My goal has never been to open 10-plus restaurants — it was always to open one good one and, within that, maximize the opportunity to do anything I wanted in order to be successful. Paying rent on a space 24/7 and only being open for a short time each night doesn’t play into that idea necessarily, so we do just about everything in order to make the financial model work to offset that: from catering to businesses to personal cheffing, retail sales, merchandising, trips, weddings, and so much more. Yes, rents are high in Ballard (as they are across the city), but I’ve tried to find a way to make the numbers add up, while still keeping quality and service at a premium.

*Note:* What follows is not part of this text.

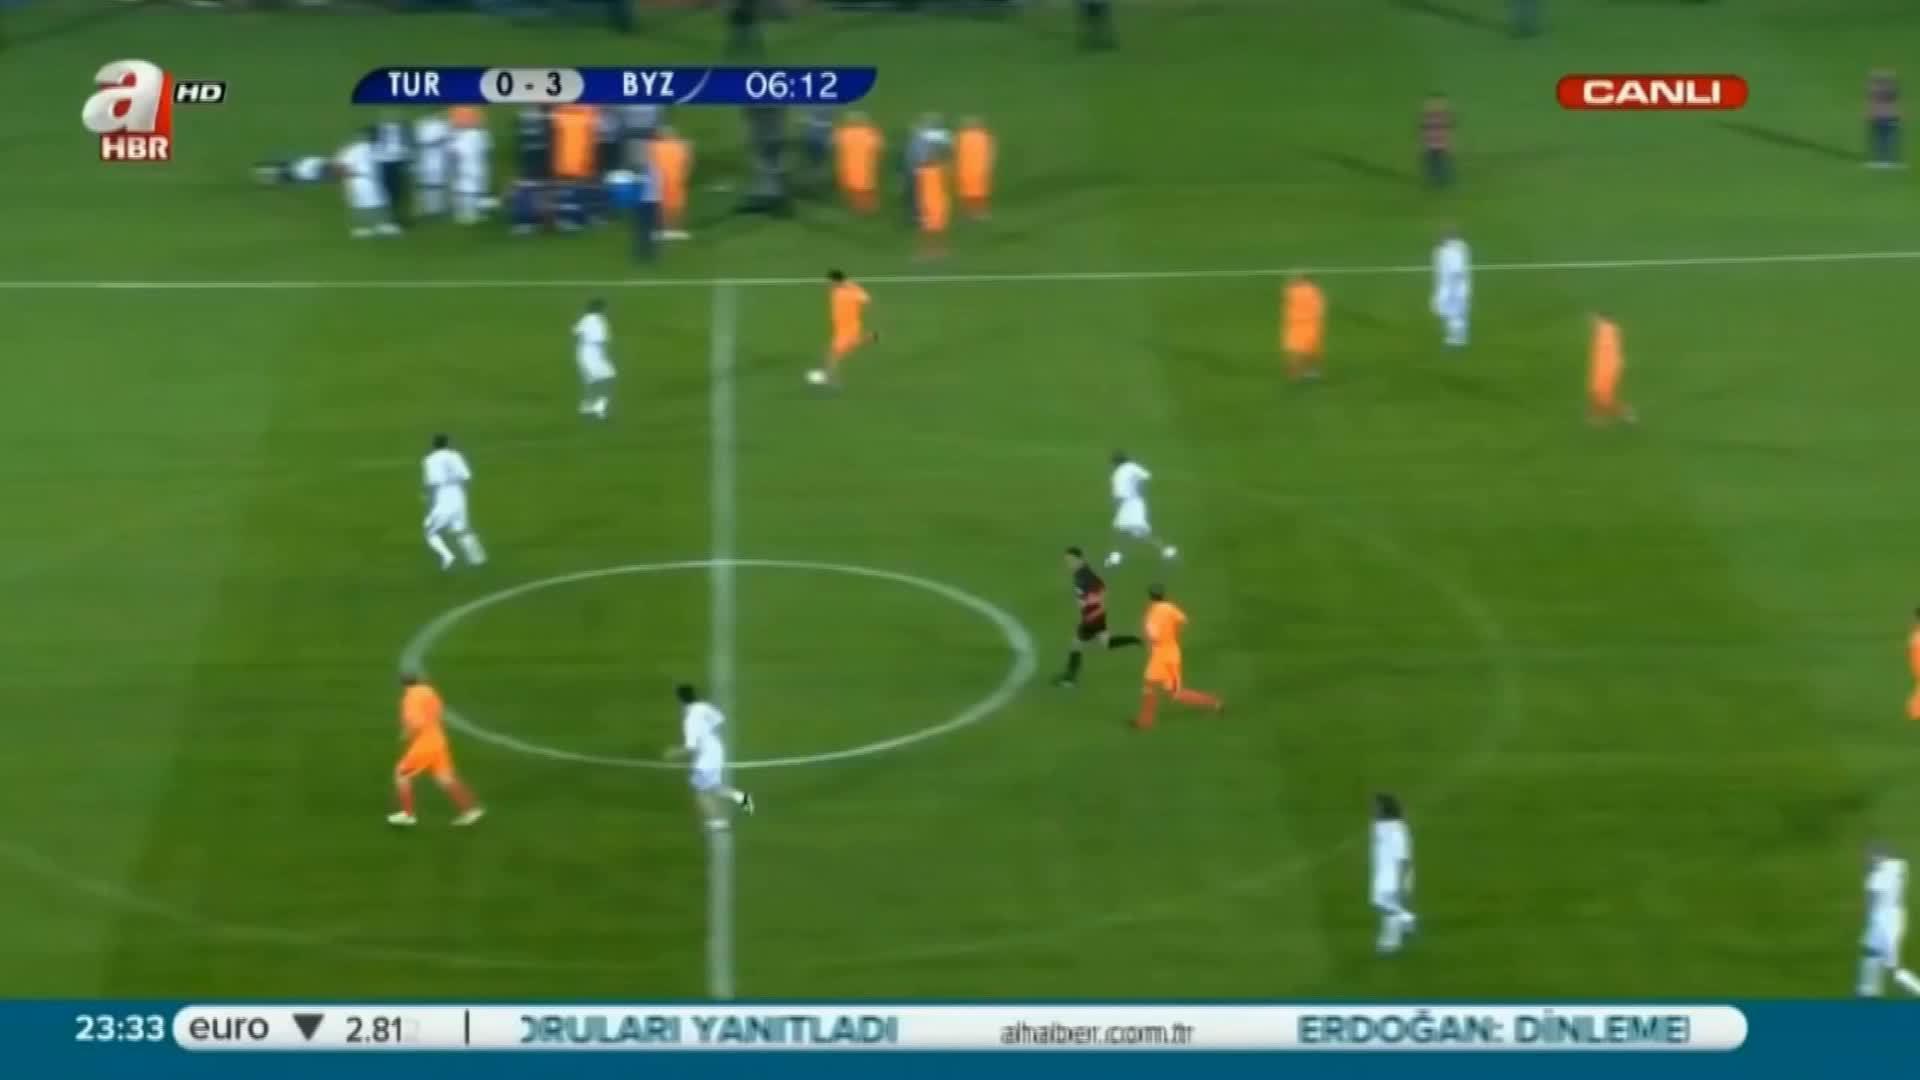 soccergifs, superathletegifs, Head Trick From The Best Soccer Player Of All Times: Recep Tayyip Erdoğan GIFs

Then there are the questions about labor costs. Look at any restaurant closing. Whenever an article is written about the closure, within minutes someone will post that it’s the minimum wage that’s killing restaurants. But I argue that chefs and owners in this city aren’t doing enough to make sure their employees are being paid more. And if certain restaurants can’t figure out how to pay their employees the minimum wage of at least $15 an hour (which applies to companies of fewer than 500 employees), my argument is that they shouldn’t be in business. It took new laws in the state for larger employers to raise the minimum wage. If those laws were never passed, then wages for cooks and other back-of-house workers never would have adjusted to match the current times and current standard of living. The shift to ticketed-only restaurants and eliminating tips completely is here and growing, evidenced at chains like Ivar’s and smaller restaurants like Watson’s Counter in Ballard. Transparency in pay is key, and there will be leaders. There already are: people like restaurateur Renee Erickson, who embraced the new minimum wage policy from the get-go, and Molly Moon Neitzel from Molly Moon’s. But a minimum is just a minimum. People should be paid more, and that’s what we do at Addo. Part of the ability to do that is staying small — I don’t have an investor or management team outside of the restaurant that I’m beholden to, so I am able to pass profits more generously to the team.

Despite all this, I question and panic plenty of times about what is happening at Addo. Is it too far? Is it far enough? Did we really just do that? We will continue to evolve what we are doing and figure out a way to stay afloat. Because I don’t want to be yet another cautionary tale about why Seattle is bad for restaurants.